Database URL: http://www.sqraolab.com/scqtl
Introduction
Functional interpretation of disease-associated genetic variants remains a significant challenge in the post-genome-wide association studies (GWAS) era (1). Mapping of expression quantitative trait loci (eQTLs) and other molecular QTLs can help characterize the modes of action of disease-associated genetic variants and identify the putative target genes they regulate. Efforts, such as Genotype-Tissue Expression (GTEx) (2) and eQTL-Gen (3), have identified eQTLs across a variety of tissues but have used bulk RNA-seq approaches, which cannot shed light on the cell type- and environment-specific regulation of disease-associated genetic variants.

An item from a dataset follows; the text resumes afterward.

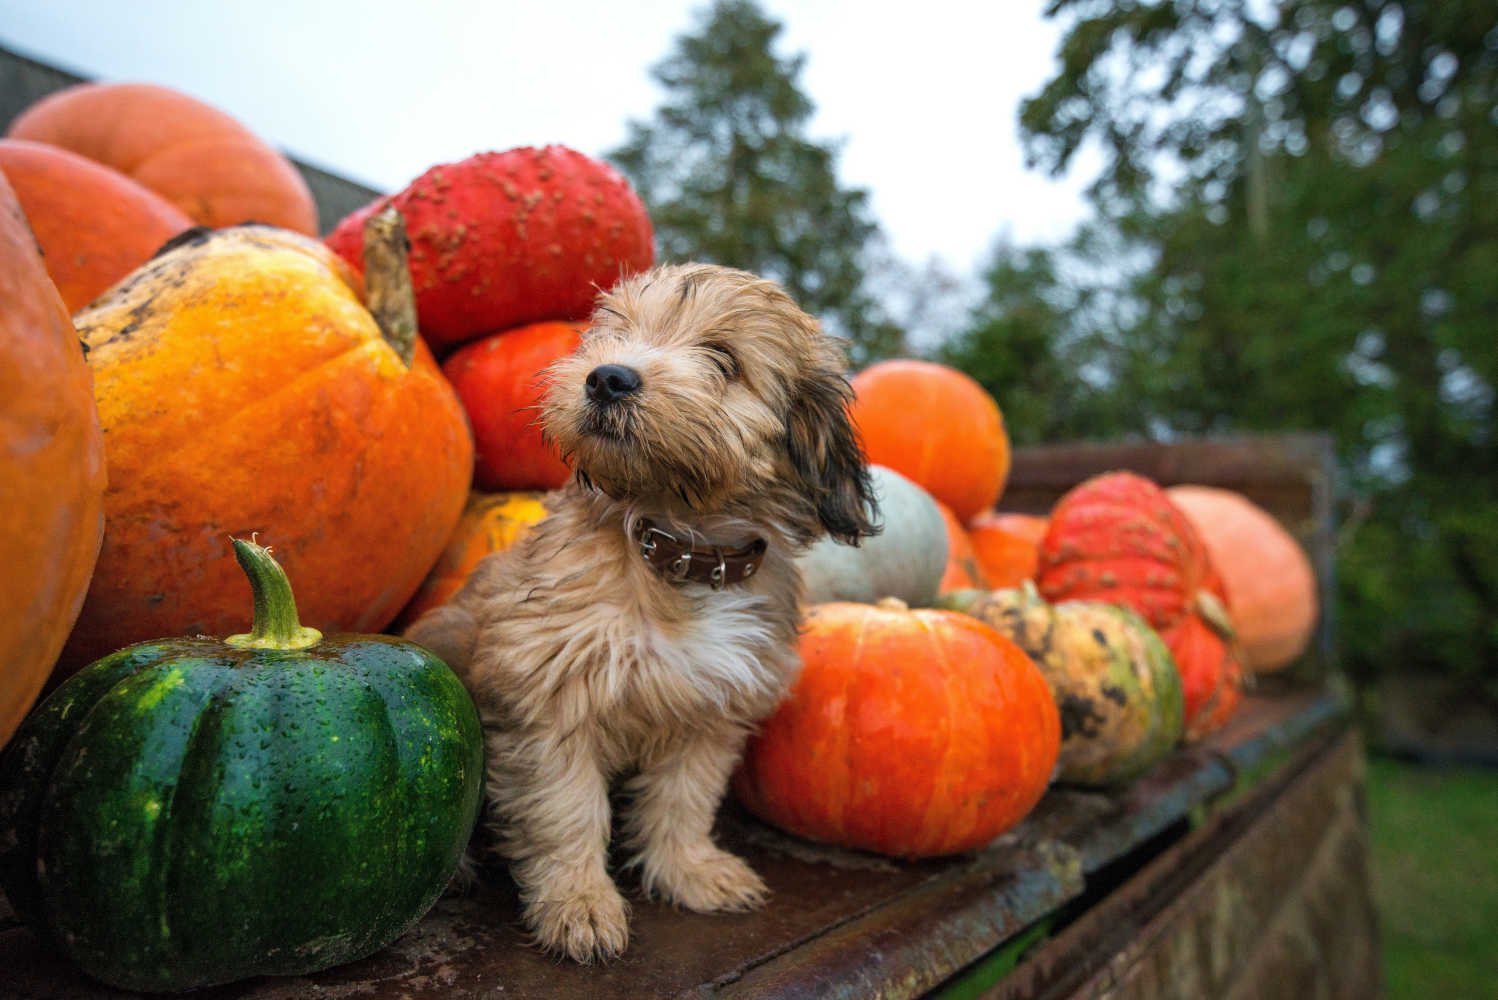 A shaggy brown dog sitting with a stack of multi-colored pumpkins.

Recent advancements in single-cell technologies have enabled eQTL analysis at single-cell resolution. Compared with bulk RNA sequencing which averages gene expression across cell types and cell states, single-cell assays capture the transcriptional states of individual cells (4). Single-cell eQTL (sc-eQTL) mapping can identify context-dependent eQTLs that vary with cell states, including some that colocalize with disease variants identified in genome-wide association studies, thus holds great potential for prioritizing therapeutic targets and pathways driving disease pathogenesis (5–19). Although significant progress has been made in the field of sc-eQTL mapping, a comprehensive database summarizing sc-eQTLs across human tissues is still lacking.
In this context, we collected all sc-eQTL datasets published to date and built a Single-cell eQTL Interactive Database (SingleQ) which provides online visualization of sc-eQTLs across different cell types in a user-friendly manner. Briefly, our database offers the following key features.
(i) Our database curates the most comprehensive summary statistics of sc-eQTLs from 273 different cell types and annotates 77 467 cell type-specific eGenes.
(ii) Cell type-specific sc-eQTLs can be queried with four searching options by either genetic variant, gene symbol, genomic location or chromosome region, allowing it to be friendly for any user.
(iii) Summary statistics of sc-eQTLs can be browsed by both cell type and genes centered on genetic variant or genomic location. More importantly, our database used popular tools, such as LocusZoom.js and Tabix, to visualize sc-eQTLs and relevant information in a single page, allowing users to identify cell type-specific sc-eQTLs easily and to prioritize target genes.
(iv) All sc-eQTL summary statistics can be downloaded for further customized analysis.
Materials and methods
Data collection
We collected all sc-eQTL studies from PubMed and Google Scholar with the following searching strategy: (single-cell expression quantitative trait loci) OR (single-cell eQTL) OR (sc-eQTL). Additional relevant studies were collected by screening the reference lists of studies in hand. Each study was manually assessed for suitability of inclusion, and sc-eQTL summary statistics were downloaded, processed, harmonized and visualized in our SingleQ database (http://www.sqraolab.com/scqtl). Additionally, we manually curated cell type annotations to provide detailed information of each cell type.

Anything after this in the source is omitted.